# Off brand subwoofers vs 'big name' subwoofers



## Neeoo (Dec 13, 2011)

I have done a LOT of reading on this forum and have developed a lot of respect for the shared knowledge available here. I am currently researching for a SQ sub, preferably a 10 for my car. I have read about Dayton HO subs and a lot of people have said they are very natural sounding. This is what I am looking for, yet there are some reporting quality control related issues with them. I read about the JL Audio W3v3 which are raved about. So my question is two part.

1 - Where is the happy medium between much cheaper (price wise) non-named brand subs and the more expensive subs from known mfg.

2 - If I wanted a very high sound quality, quality sub for my enclosure (1.10 - 1.25 f^3) which required only around 300 watts to sound fantastic (natural, classical music, pink floyd, alternative) where does the law of diminishing returns in price begin? 

I appreciate any recommendations. Should I just suck it up and trust that HAT's subs sounds as fantastic as their components?


----------



## lionelc5 (Oct 31, 2011)

I went round and round about what 10" sub to use in my car.

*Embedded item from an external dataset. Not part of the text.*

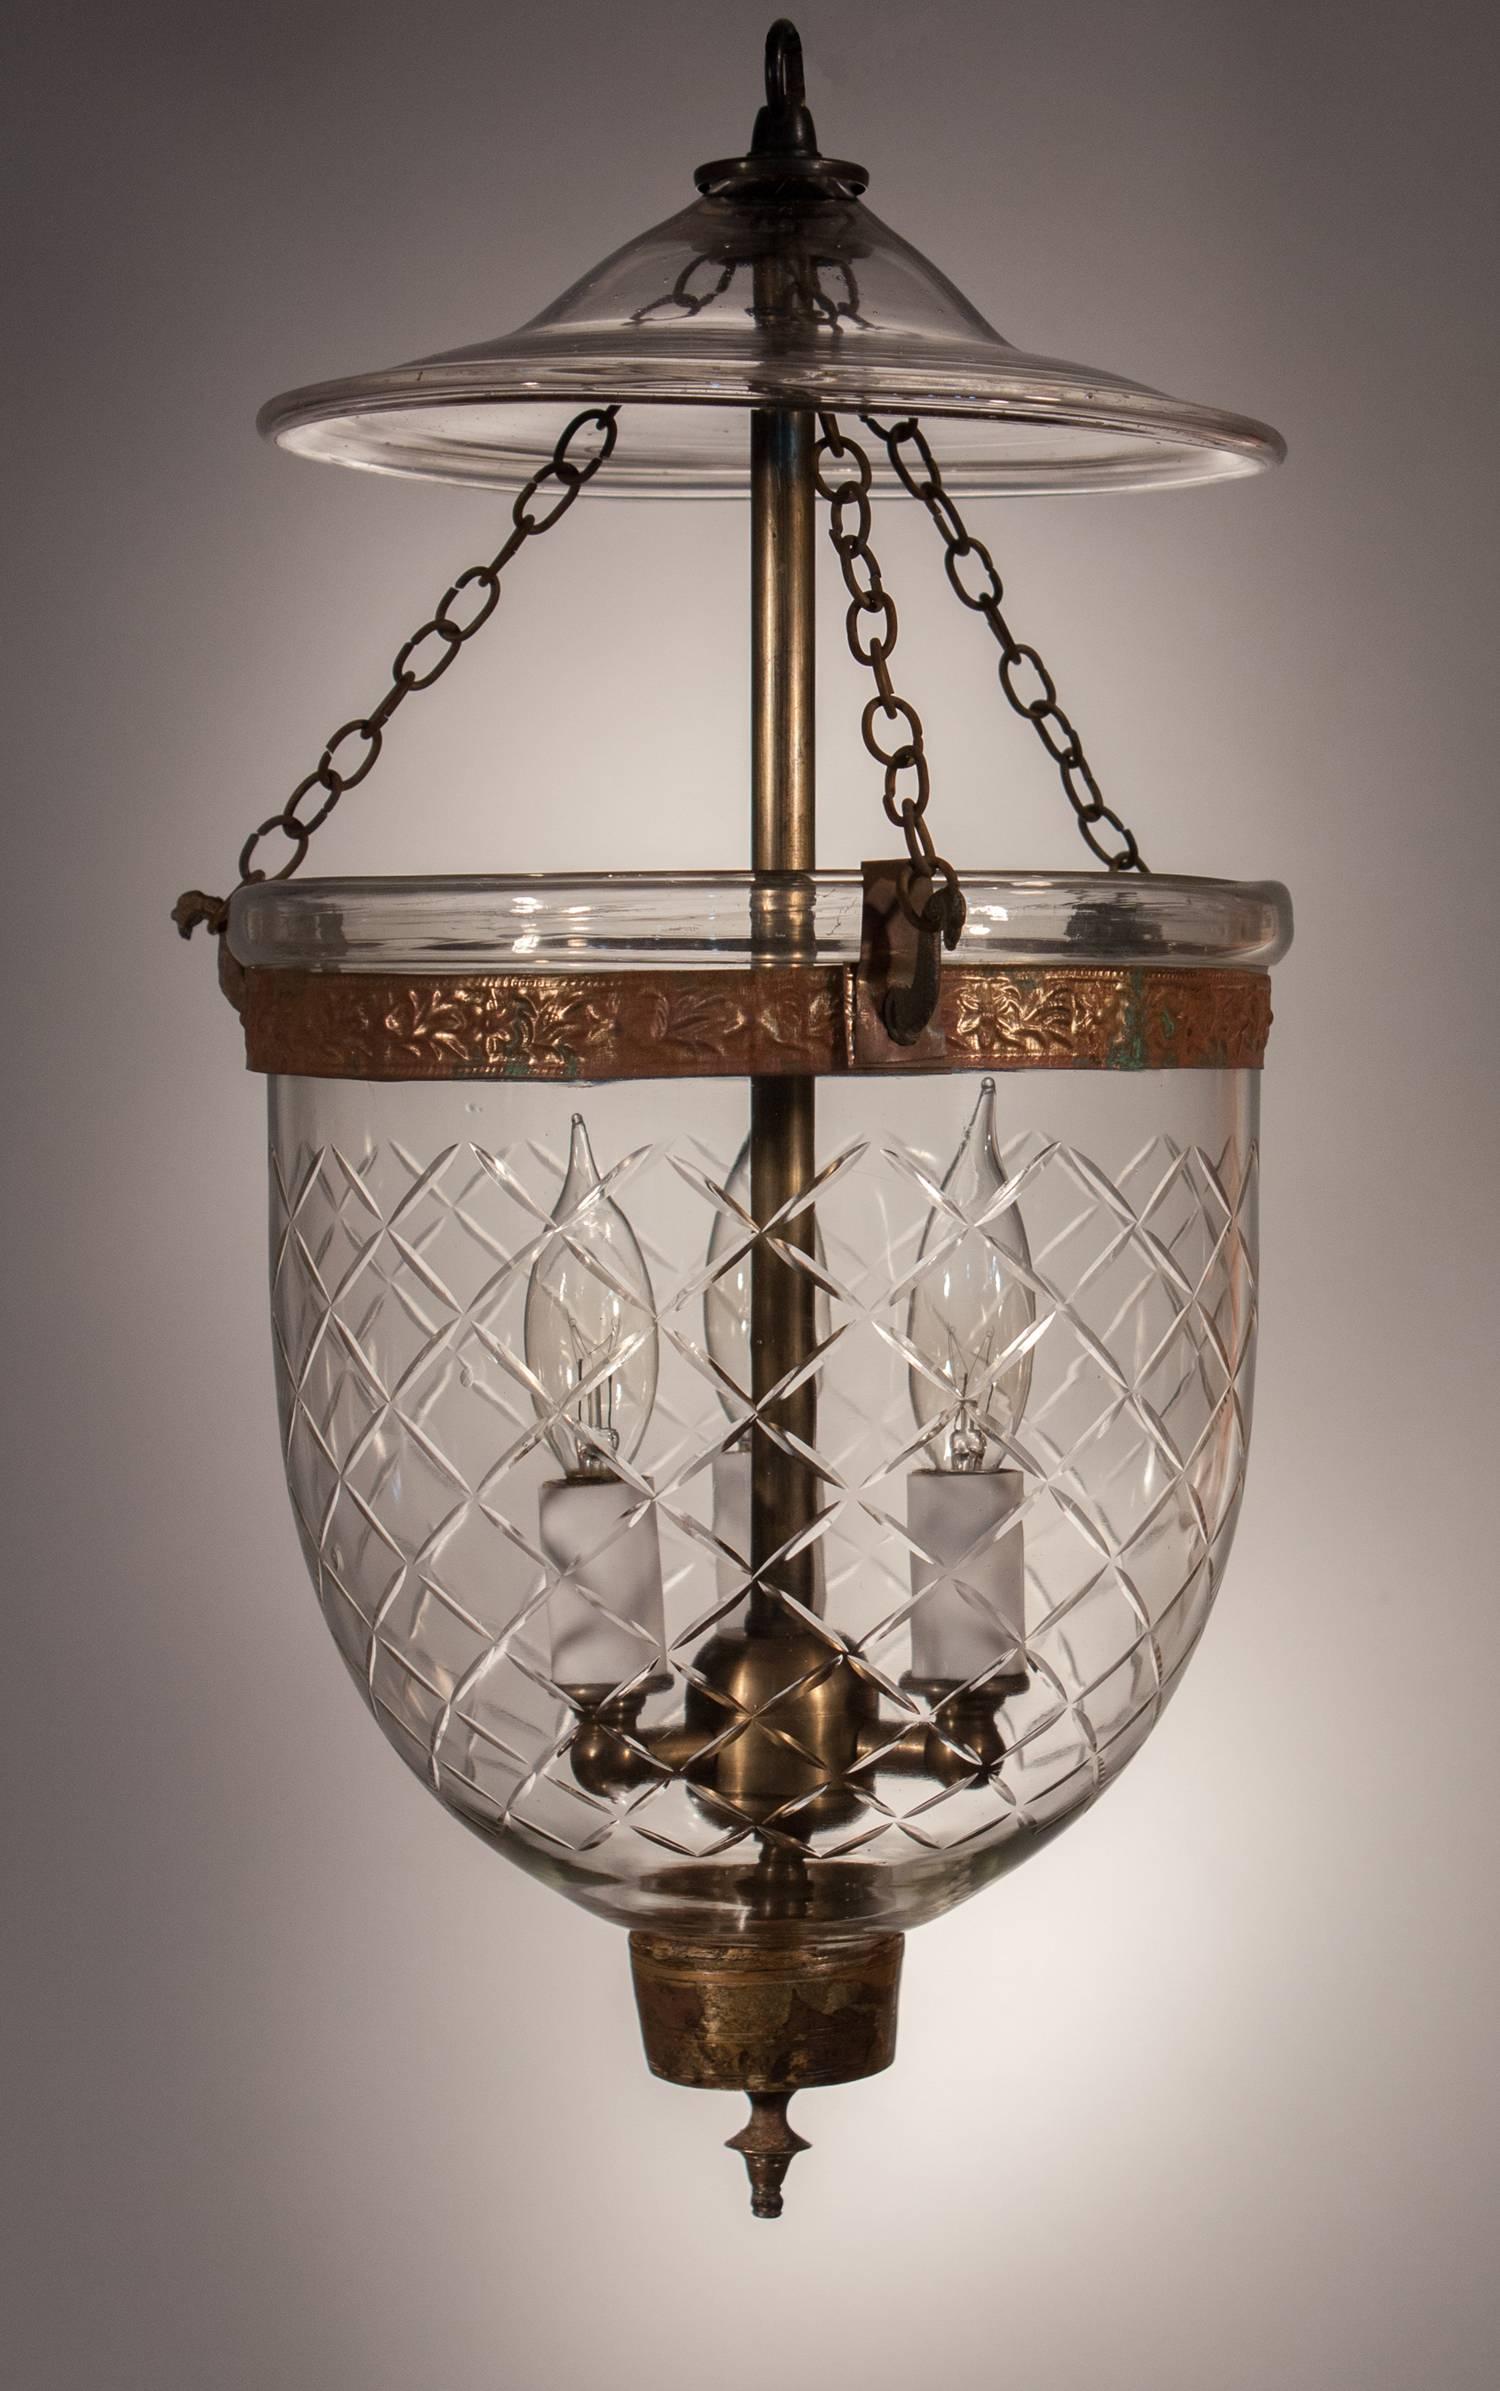 Charming handblown glass bell jar lantern from England with an etched diamond motif that suits this petite pendant. This circa 1860 hall lantern has its authentic brass fittings, including embossed band and candle holder finial. The light has been
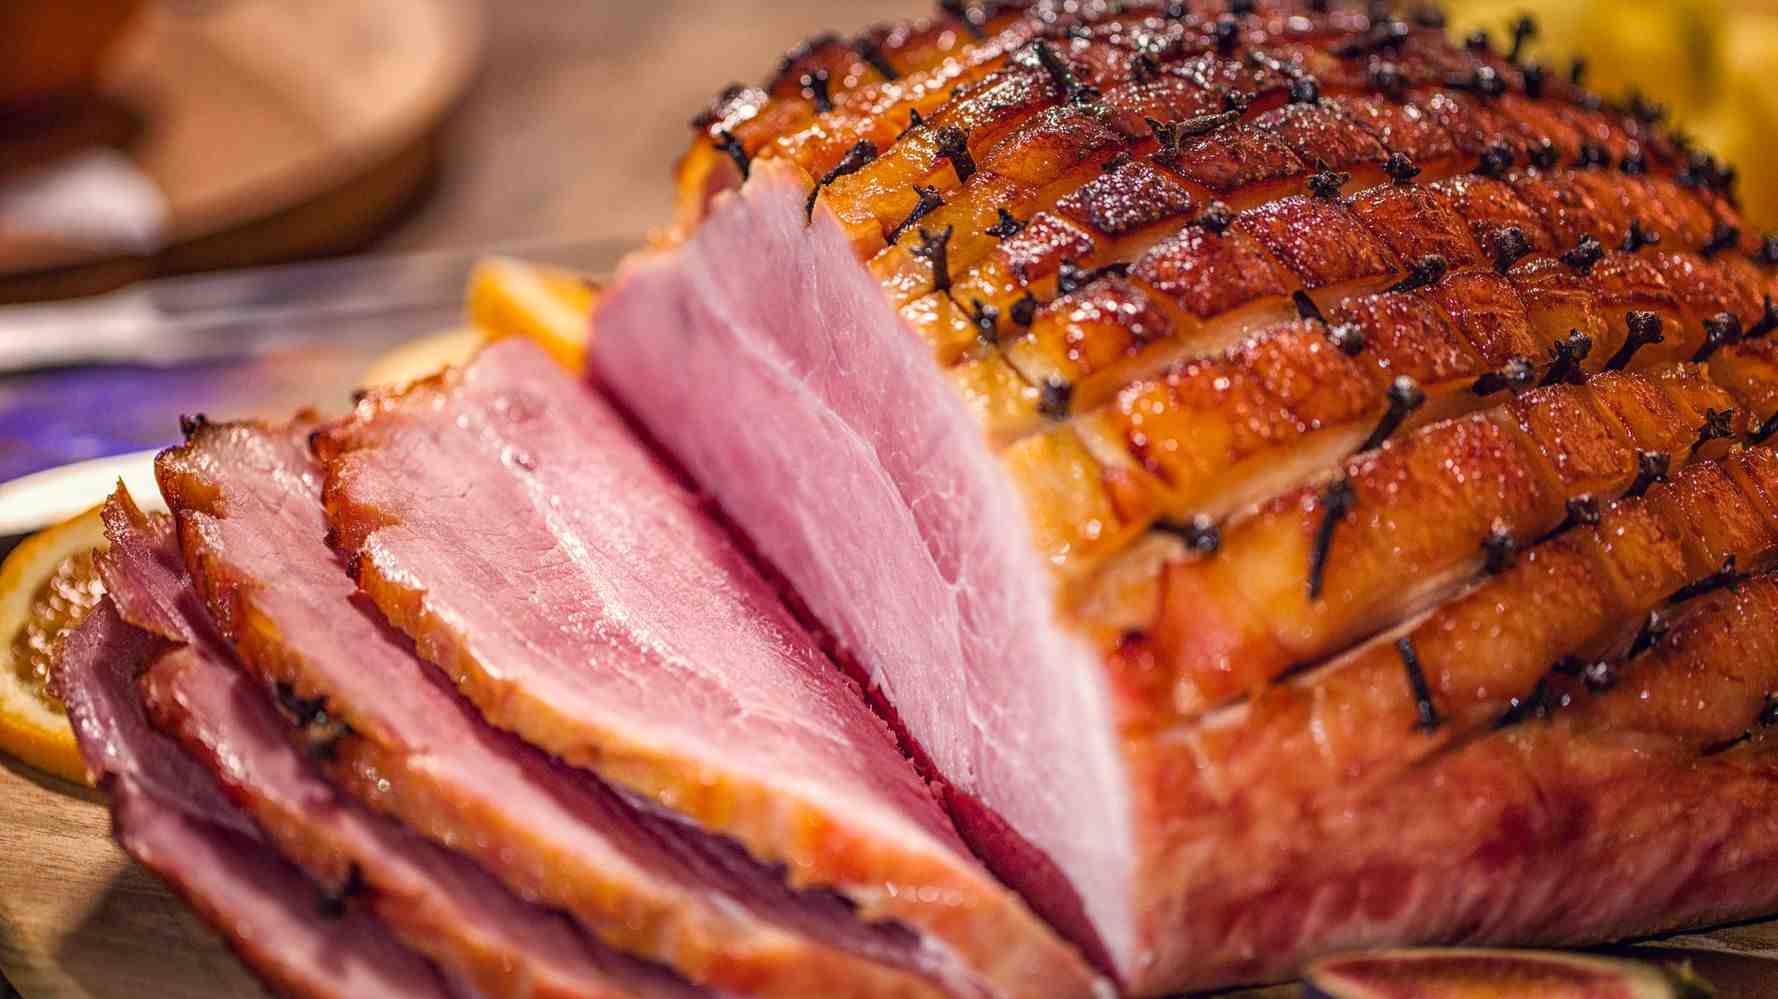 Why is ham good for you?

I have two seperate enclosures, each sealed with .65 cubic feet of airspace. I was also limited to about a 6" mounting depth. 

I was going to use a JL 10W3 but ended going with a couple TC Sounds Epic 10s. I had also read that the TCs sometimes had build quality issues, but decided to give them a try because they were sold at Parts Express and I knew that there would be no problem returning them if there were any issues.

I am glad that I went with the TC sounds over the JLs. They sound great! I can honestly say they sound better than the 10 W6V2s that I had installed in my wifes car a few months back.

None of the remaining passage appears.